■ **REQUIRED WORK**:
Please write out exactly the lines from the one with "创意 雪地 绿色 圣诞树 矢量 雪花 礼物 节日 圣诞节 冬天 气氛" through the end of the data below, both ends included, and omit any pictures.

─── MATERIAL PROVIDED

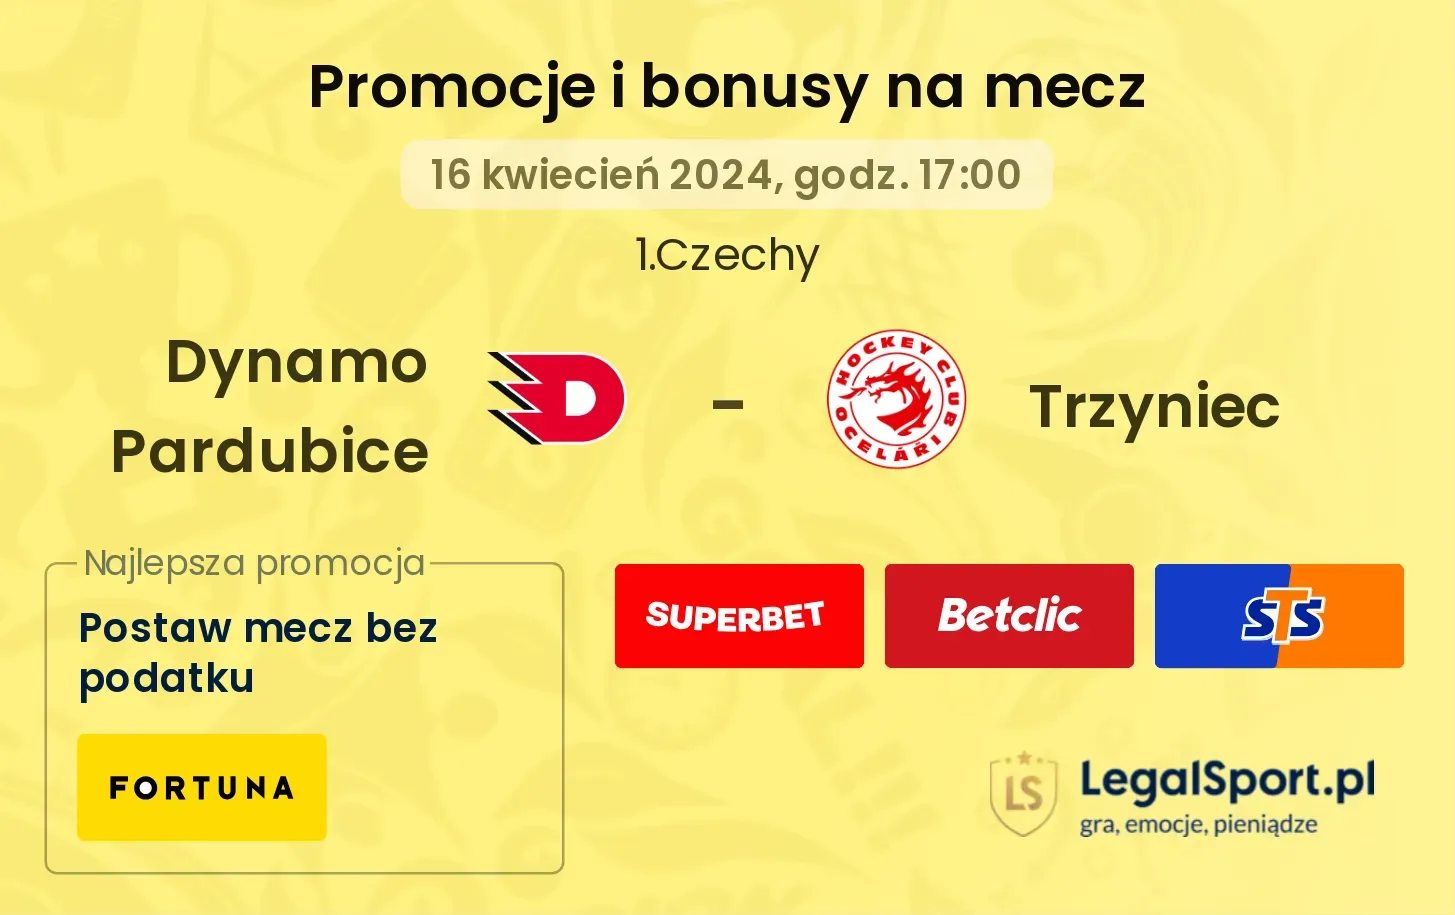 Dynamo Pardubice - Trzyniec promocje bonusy na mecz
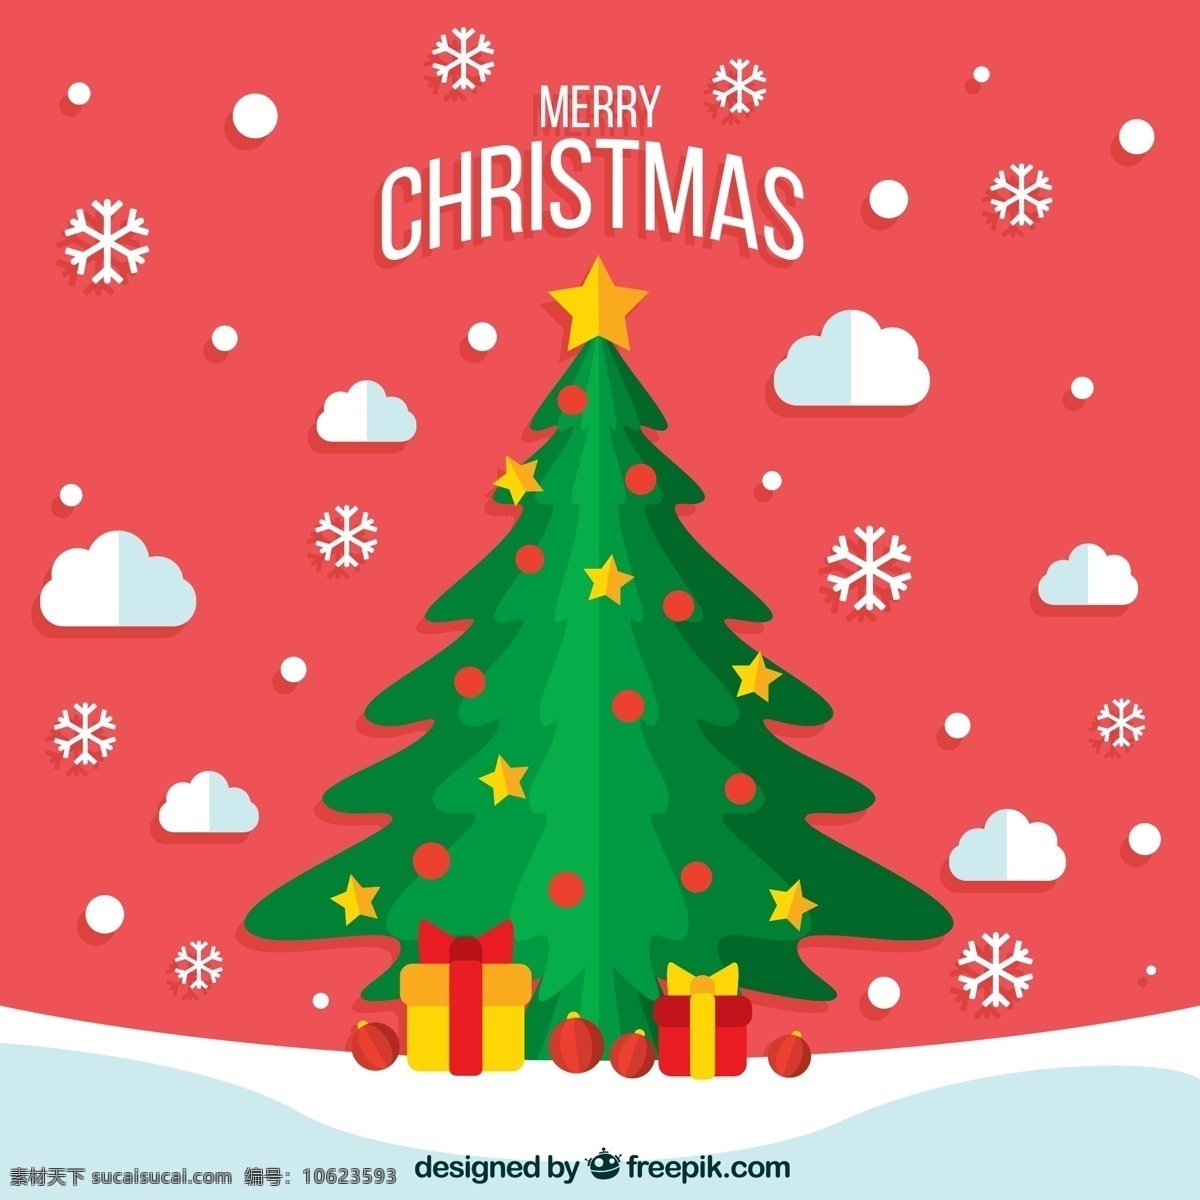 创意 雪地 绿色 圣诞树 矢量 雪花 礼物 节日 圣诞节 冬天 气氛
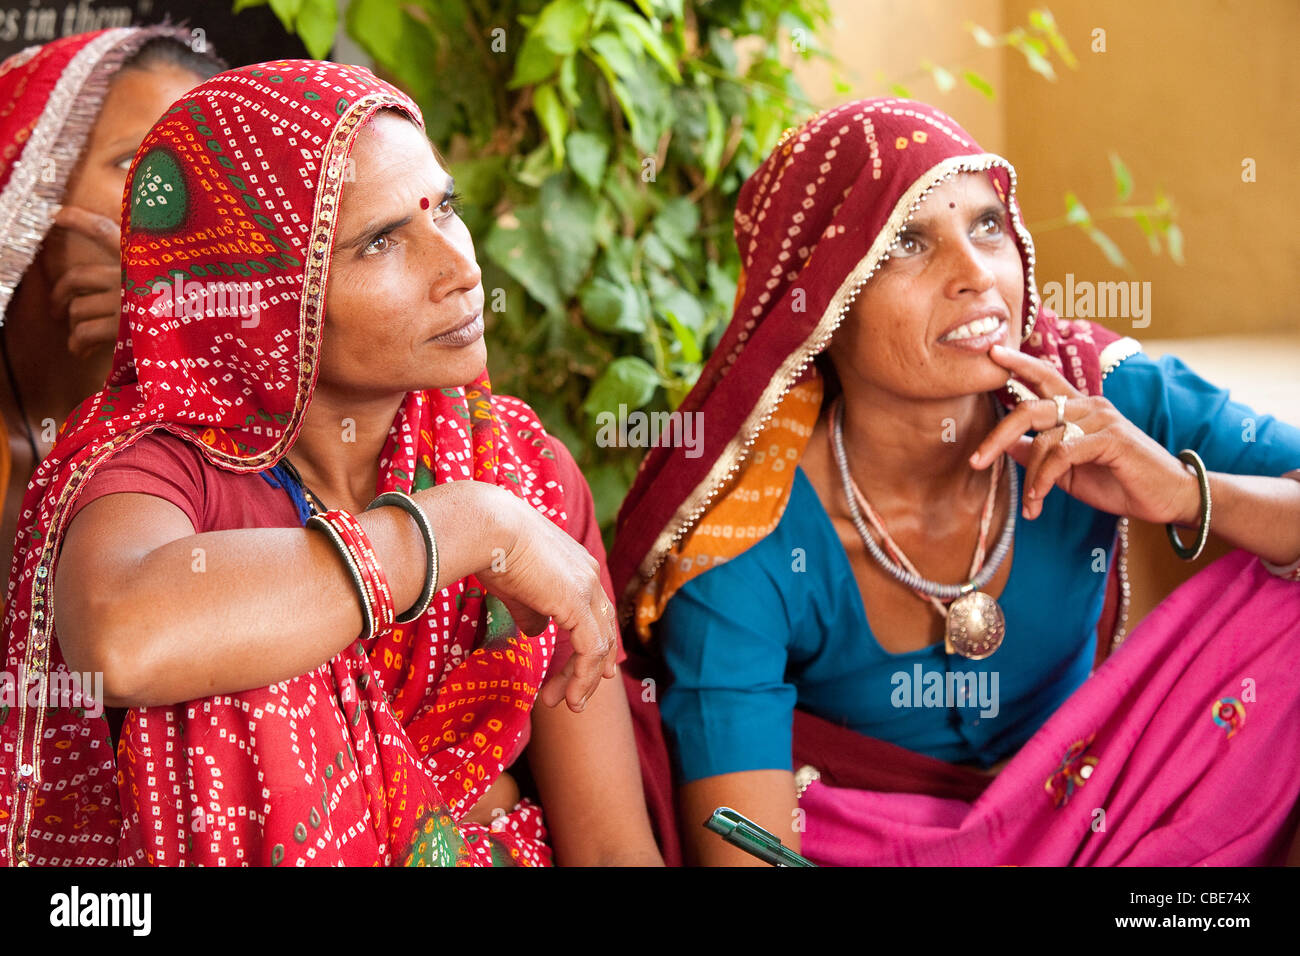 Frauen der Anoothi - Rajasthan Indien. Anoothi hilft verarmten Dorffrauen in Indien erreichen Autarkie. Stockfoto

──────

■ **OUTPUT FOR THIS EXERCISE**:
 创意 雪地 绿色 圣诞树 矢量 雪花 礼物 节日 圣诞节 冬天 气氛
 Frauen der Anoothi - Rajasthan Indien. Anoothi hilft verarmten Dorffrauen in Indien erreichen Autarkie. Stockfoto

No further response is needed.